埼玉県越谷市にある「宮内庁埼玉鴨場」で行われた鴨猟。ティムラズさんは複数の写真や動画を投稿し、その様子を伝えています。
投稿された写真には、美しい自然を背景に、同じ装いで並ぶ参加者たちの姿がありました。ティムラズさんは、妻やほかの外交官たちとともに、膝丈まであるベージュのコートと帽子を着用し、叉手編を携えています。
真剣な表情の参加者たち。続けて投稿された動画には、鴨たちの安全に配慮しながら捕獲する様子が映っていました。
日本の伝統文化に感謝
体験を終えたティムラズさんは、鴨場の意義について日本語で語りました。
「こちらでは鴨が飼育されていて、それだけじゃなくて、この場はですね、外交官やいろんな外国の来賓も含めて、多くの方が日本ならではの伝統的なホスピタリティが味わえる非常な貴重な場になっております」
そして、今回参加できたことに感謝。「今日は多くの外交官の仲間とともに鴨捕りという非常に興味深い行事が体験できた。そして、それによって素晴らしい交流ができたこと、この機会をいただいたことに対して心からお礼を申し上げたいと思います。ありがとうございます」と深々と頭を下げました。

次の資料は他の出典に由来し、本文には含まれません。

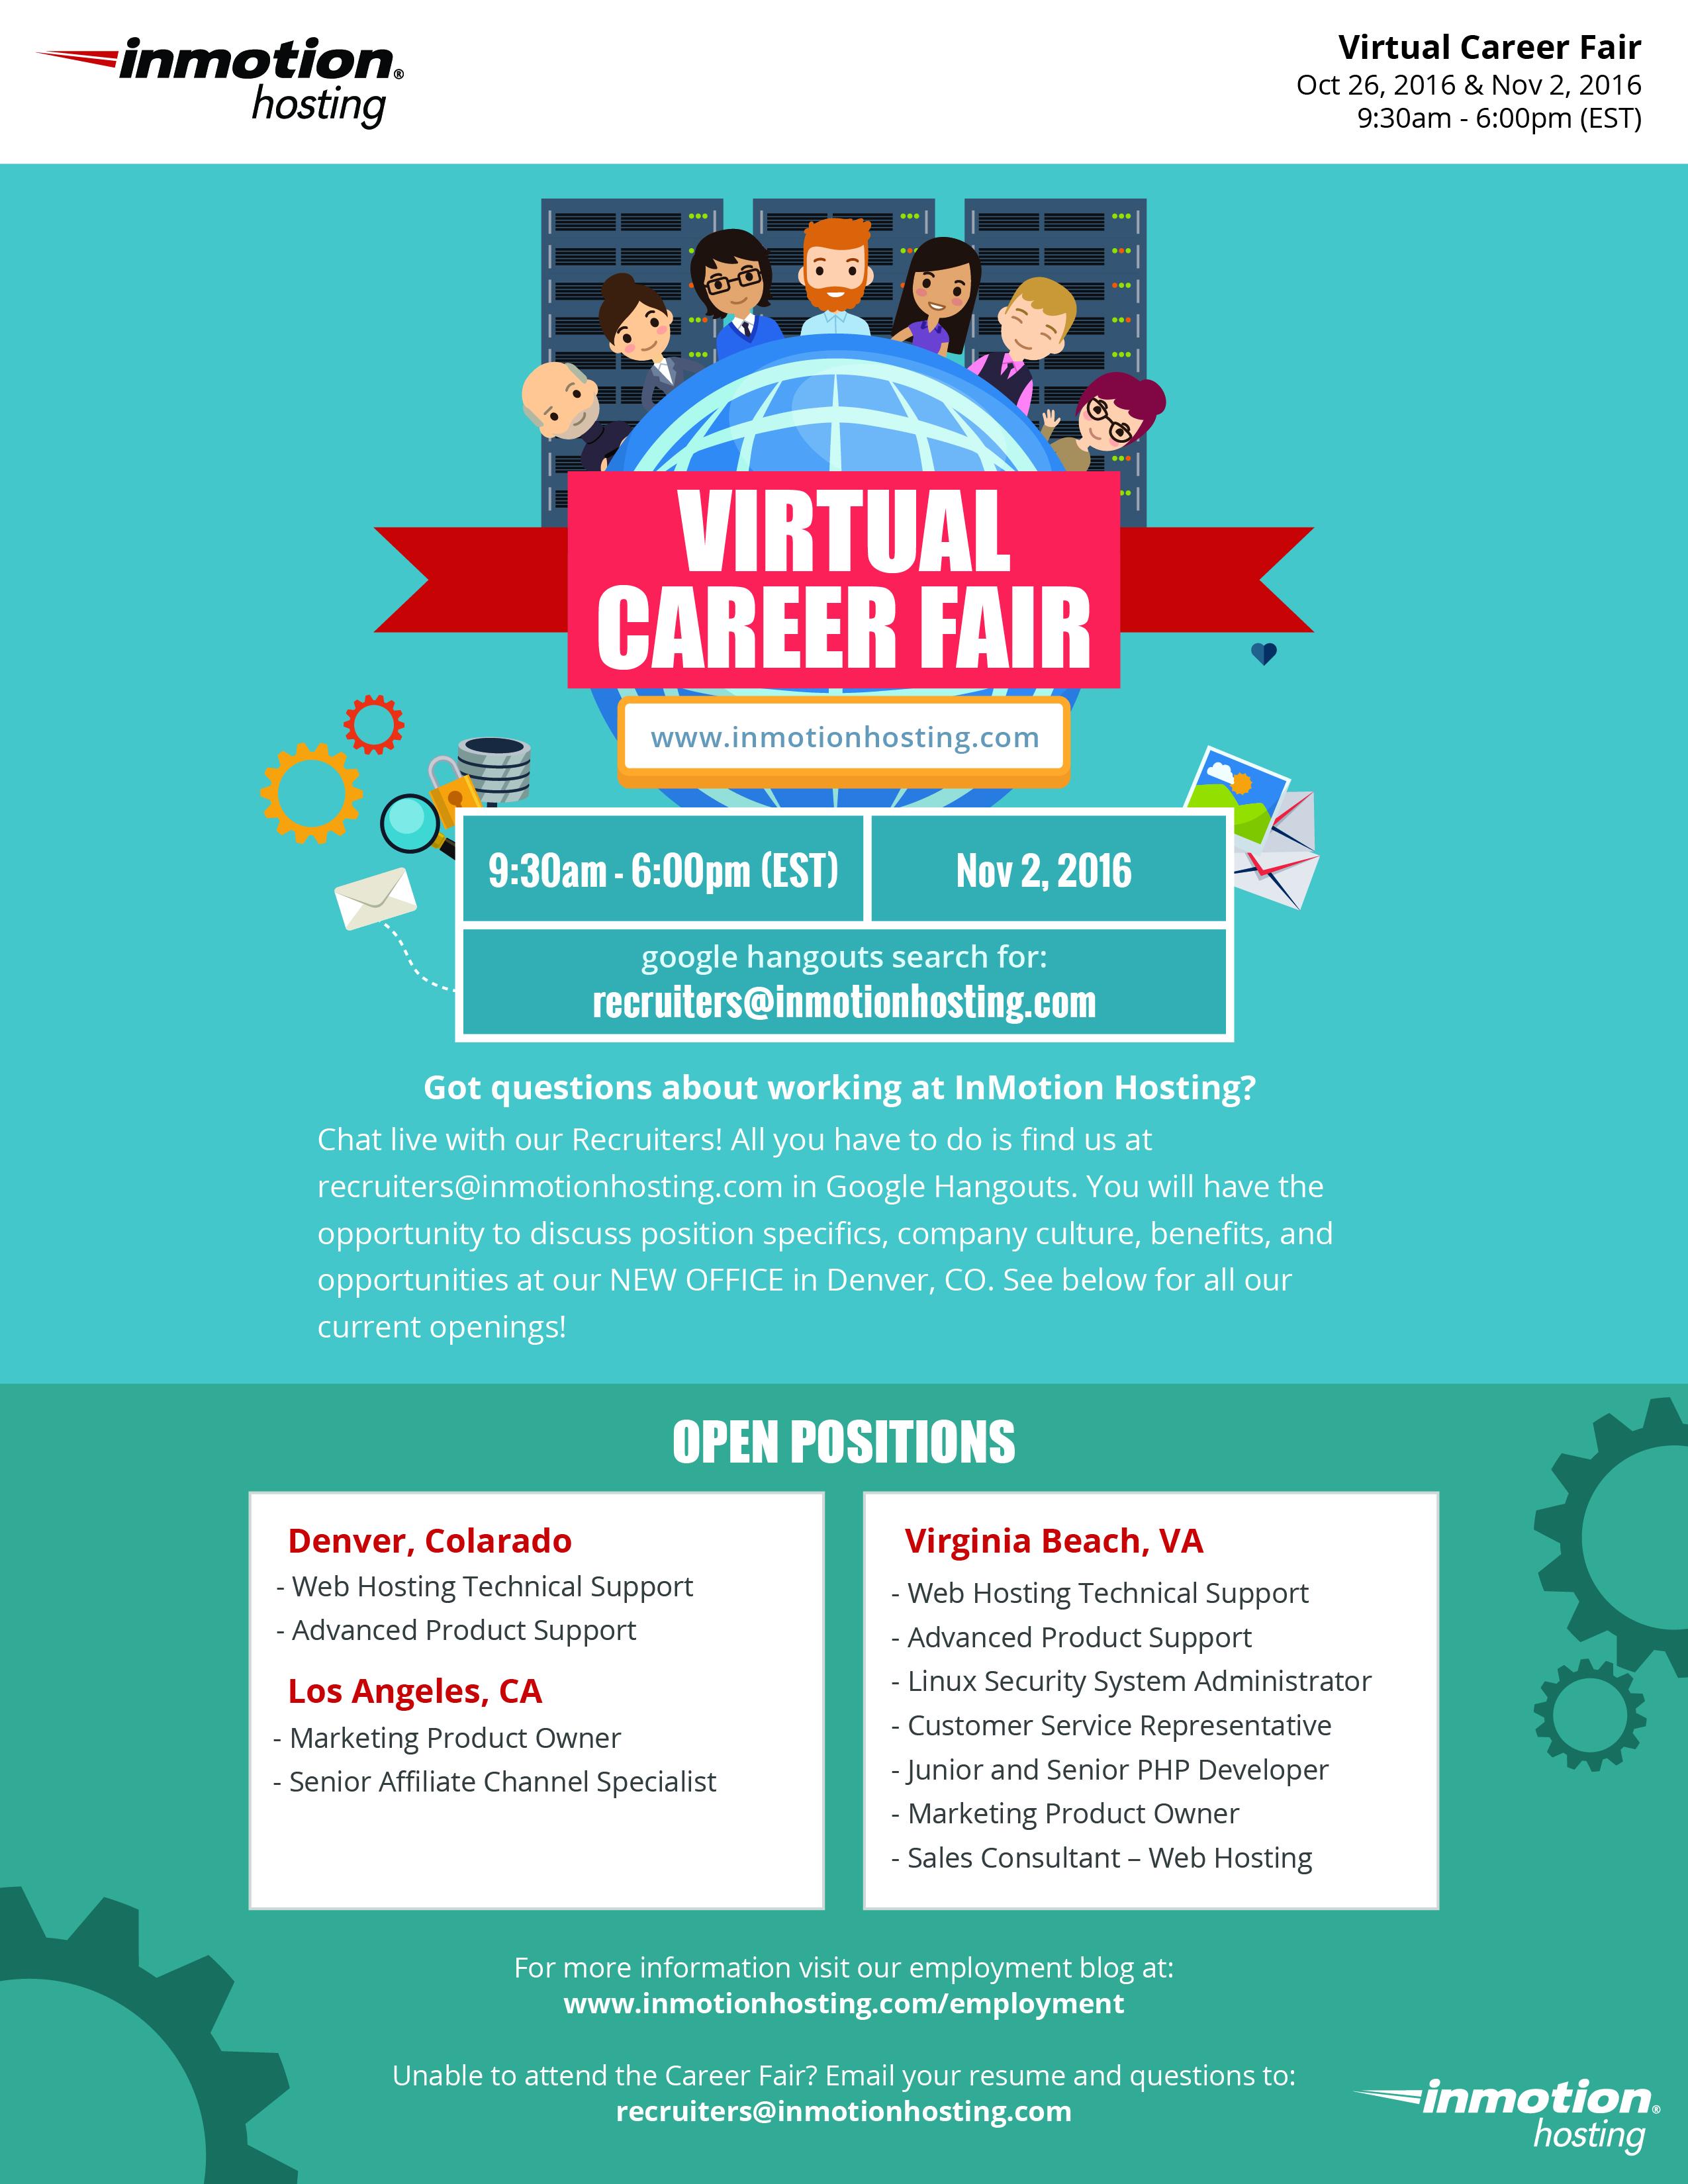 Inmotion Hosting Virtual Career Fair Inside Inmotion Hosting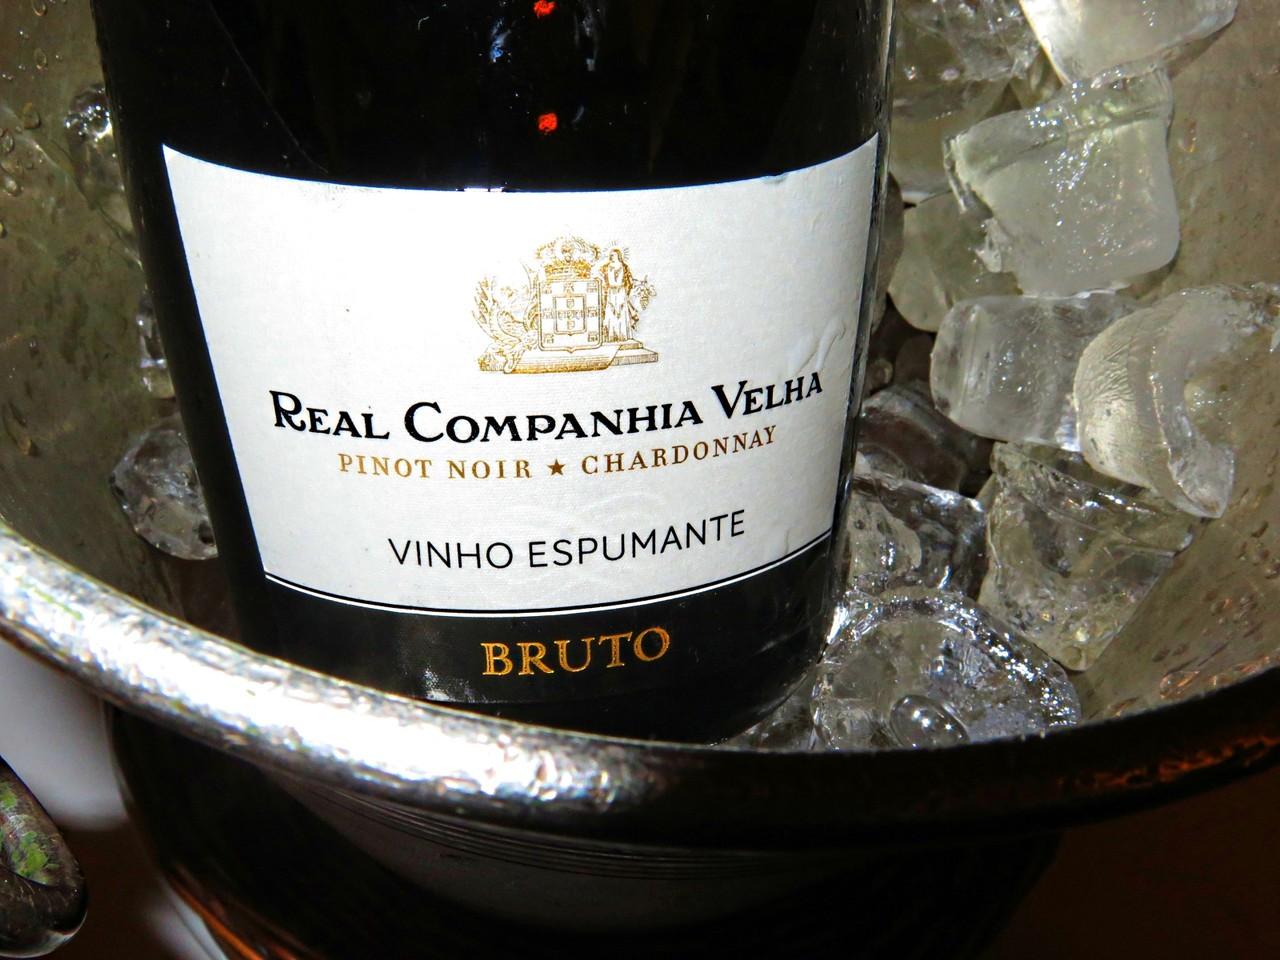 Real Companhia Velha Espumante Chardonnay & Pinot Noir Bruto 2013

最後の投稿には、ティムラズさんが捕獲した鴨を放鳥する様子も。「さようなら鴨さん。ありがとう」とのコメントで鴨にお礼を伝え、優しく元の場所に放鳥する姿からは、生き物への敬意と日本文化への深い理解が感じられます。
日本の伝統文化を尊重し、真摯に向き合うティムラズさん。投稿のリプライ(返信)には、「お疲れ様でした」「日本にずっと敬意を示していただきましてありがとうございます」「優しいお人柄が垣間見え、こちらまで優しい気持ちになりました」といった声が寄せられています。